Immediate and long-term results of percutaneous Inoue balloon mitral commissurotomy with use of a simple height-derived balloon sizing method for the stepwise dilation technique

Mayo Clin Proc. 1996 Jun;71(6):556-63. doi: 10.4065/71.6.556.

Abstract

Objective: To assess the short- and long-term efficacy of Inoue balloon percutaneous transvenous mitral commissurotomy (PTMC) with use of our simple balloon sizing method based on patient height.

Design: Data from 105 consecutive patients with symptomatic mitral stenosis who underwent 107 PTMC procedures between October 1991 and April 1995 at our hospital were analyzed.

Results: All PTMC procedures were successfully completed with no instances of cardiac perforation, systemic embolism, severe mitral regurgitation (grade 3 or more angiographically), or death.
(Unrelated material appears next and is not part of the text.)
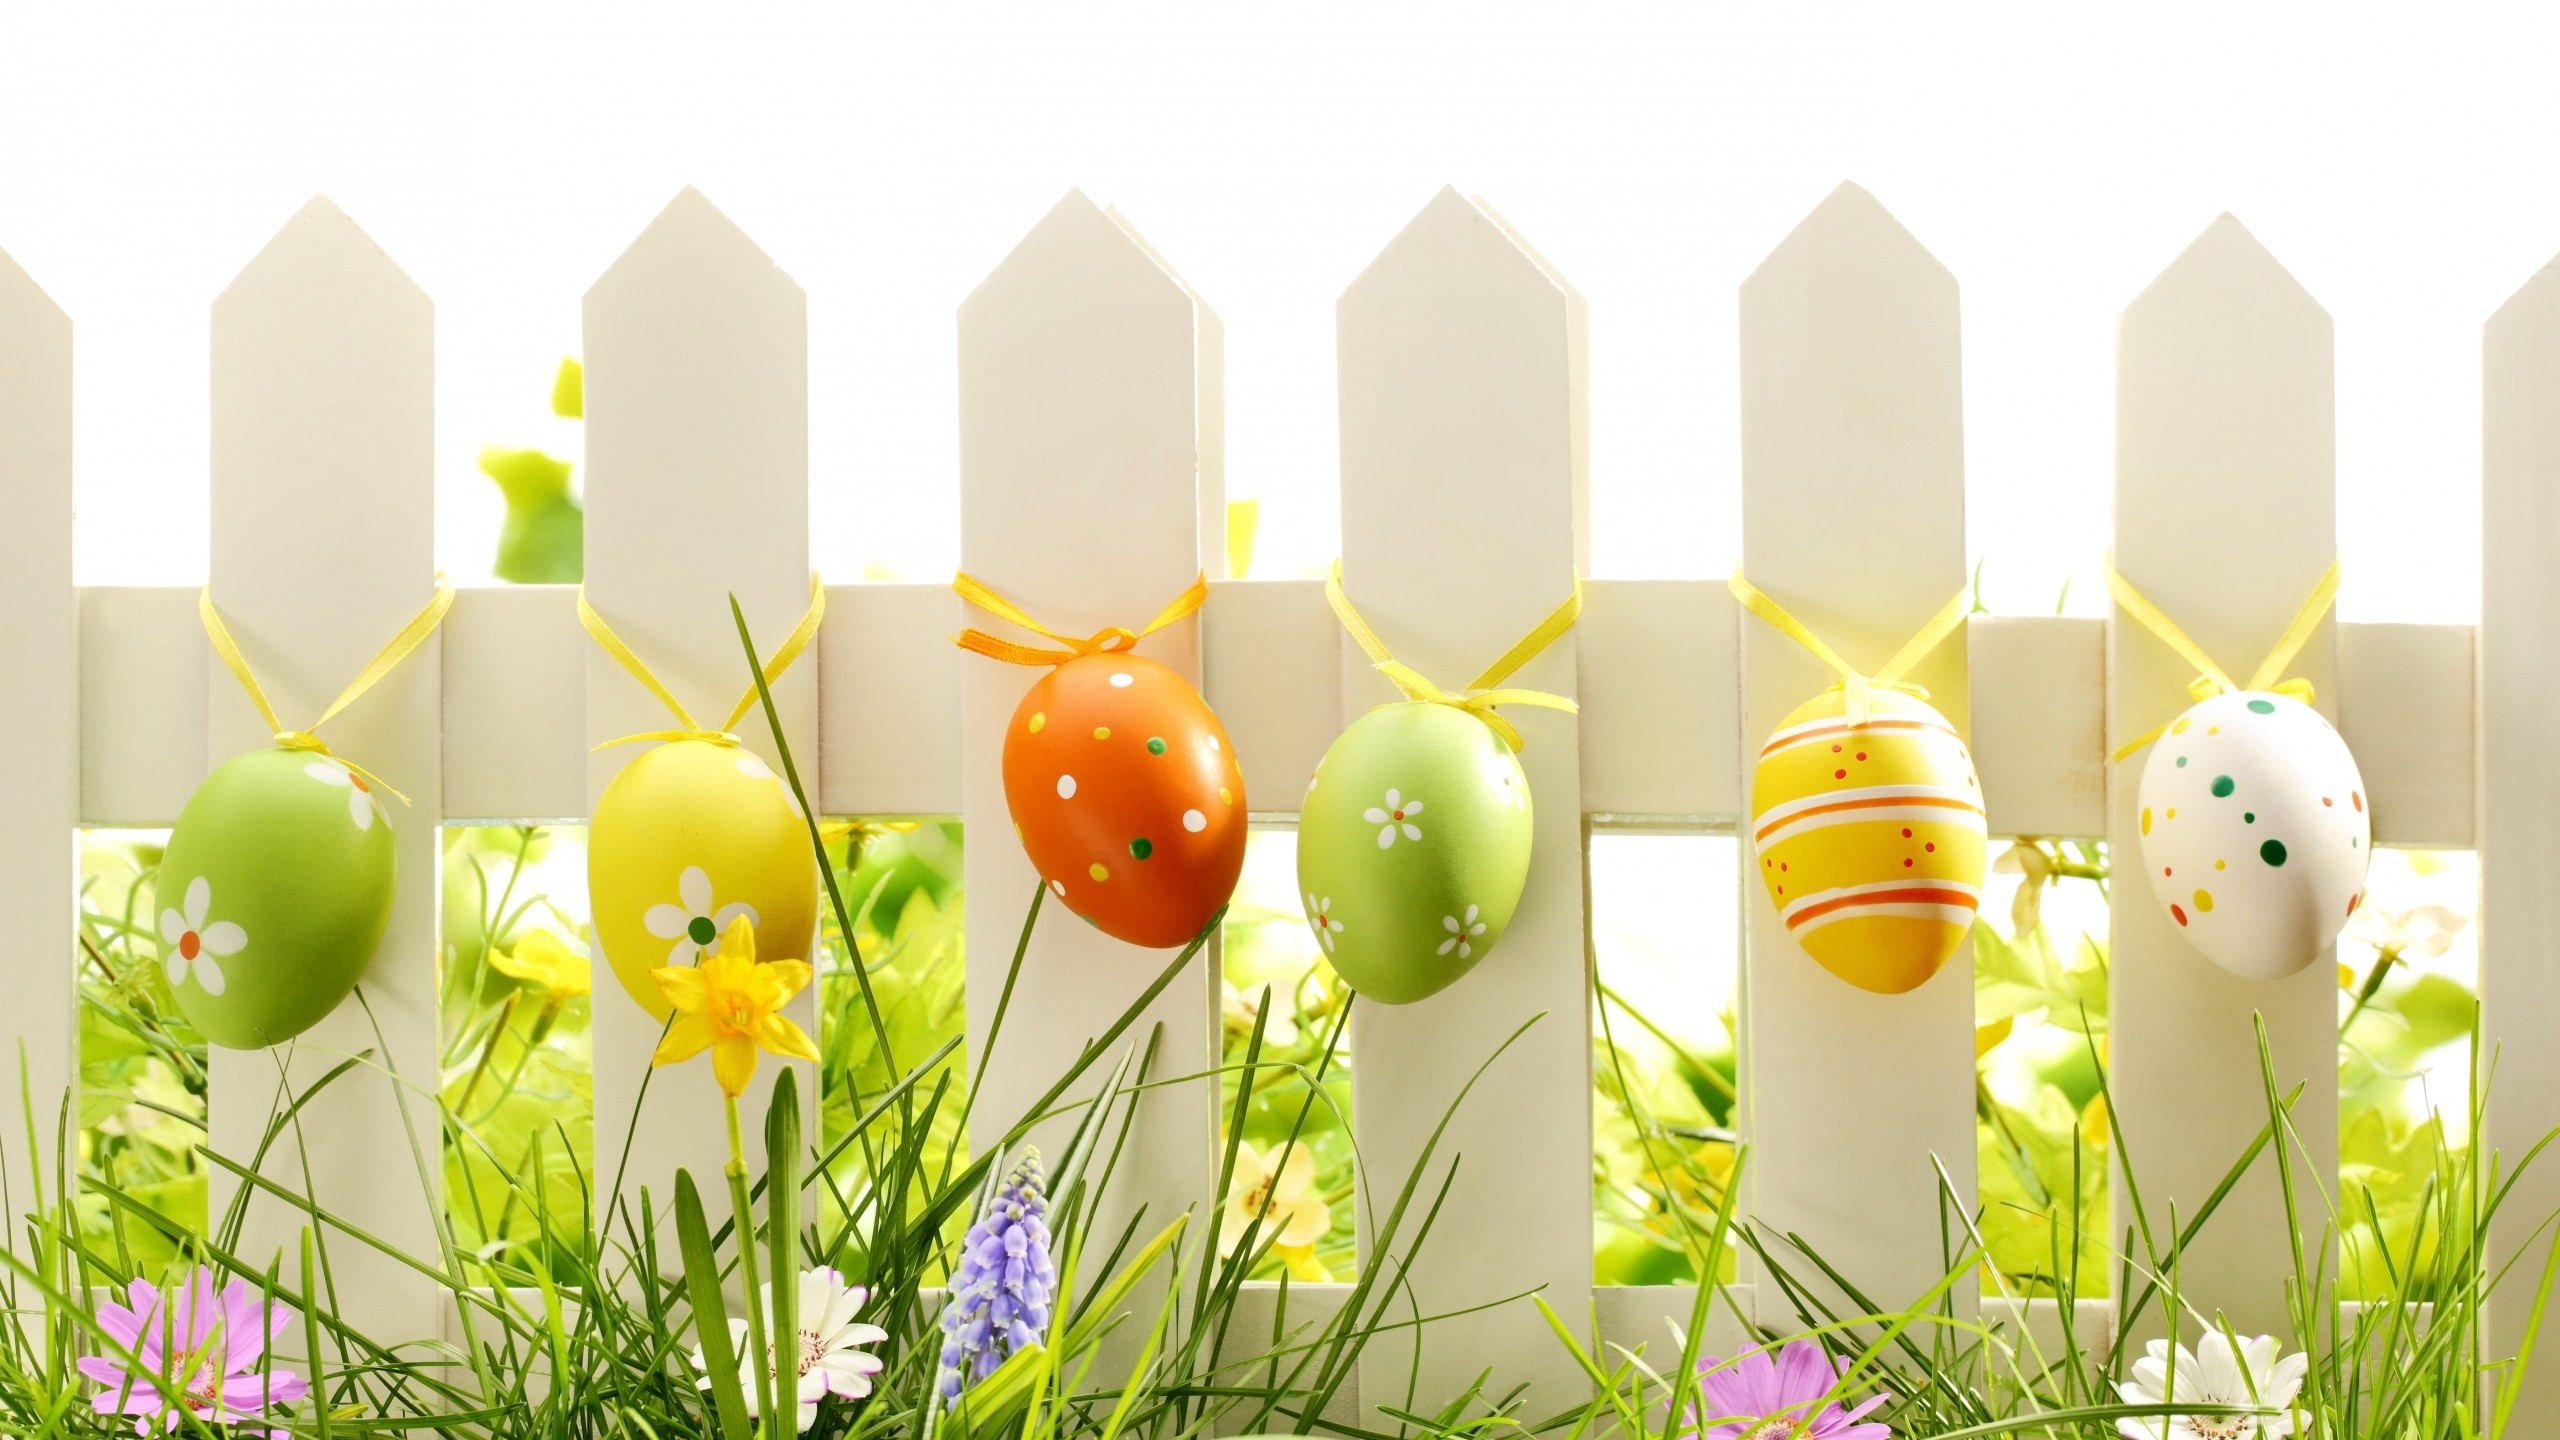 Lovely Easter Eggs Decoration for 2560x1440 HDTV resolution
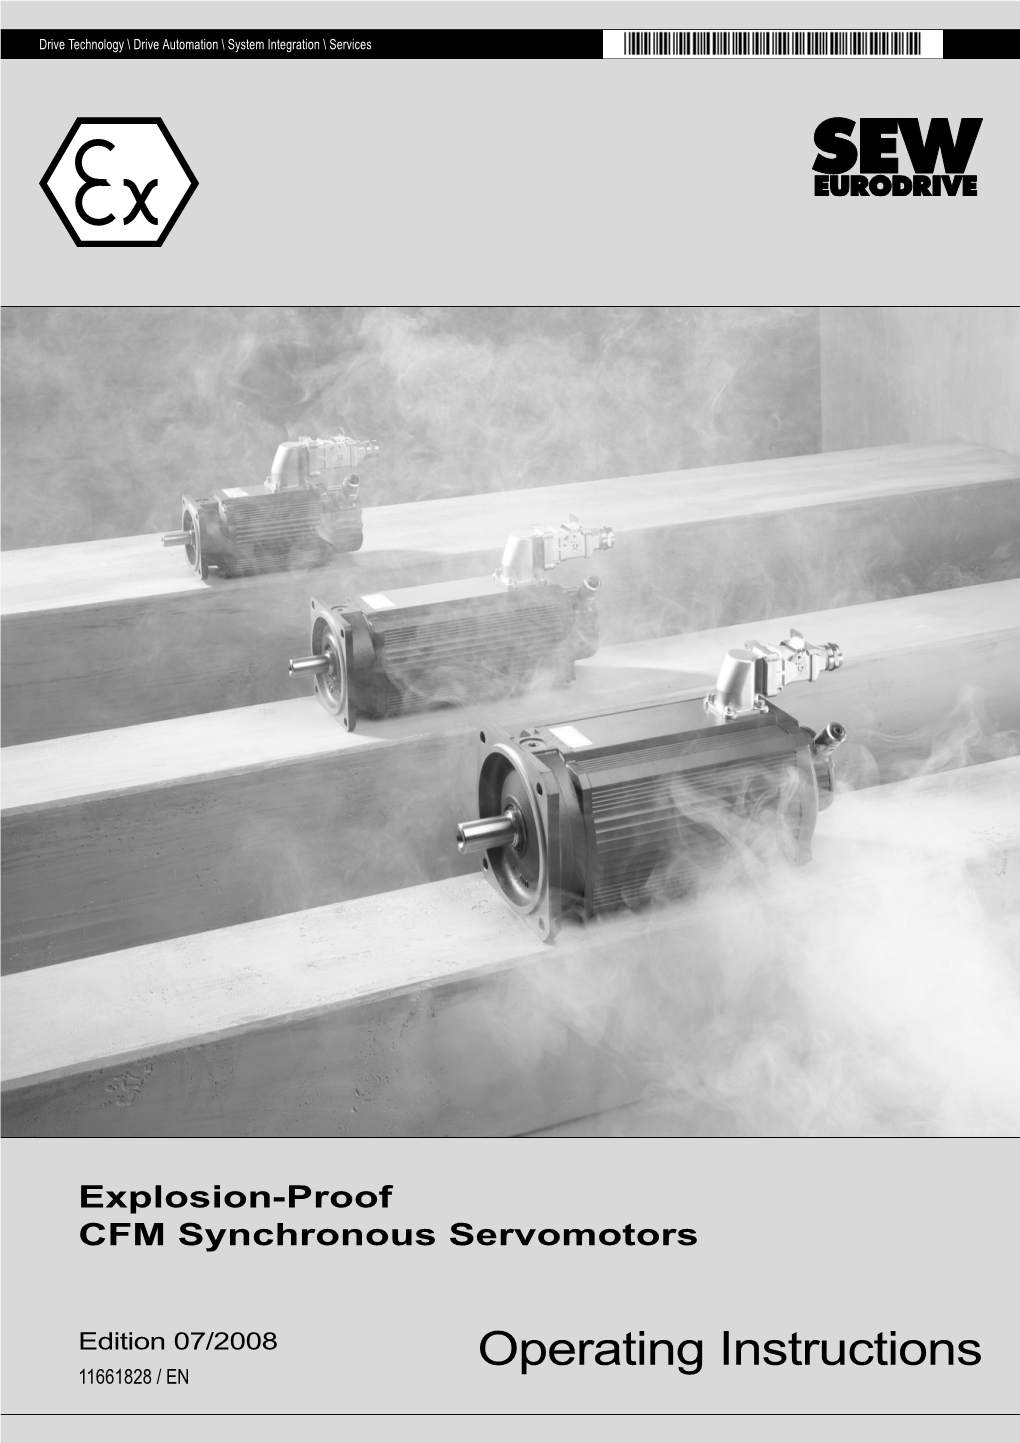 Explosion-Proof CFM Synchronous Servomotors

The mean mitral valve area increased from 0.8 +/- 0.2 cm2 to 1.7 +/- 0.4 cm2 (P = 0.0001), as assessed echocardiographically. Optimal results -- defined as an improvement in valve area of 50% or more or a final valve area of 1.5 cm2 or more without significant mitral regurgitation (an increase in mitral regurgitation of two or more grades or a final regurgitation of grade 3 or more) -- were obtained in 96% of patients. At a mean follow-up interval of 20 months, symptomatic benefit was maintained in 97% of patients. Echocardiographic evidence of restenosis (loss of more than 50% initial gain in valve area, a valve area of less than 1.5 cm2, or both) was noted in 9.8%.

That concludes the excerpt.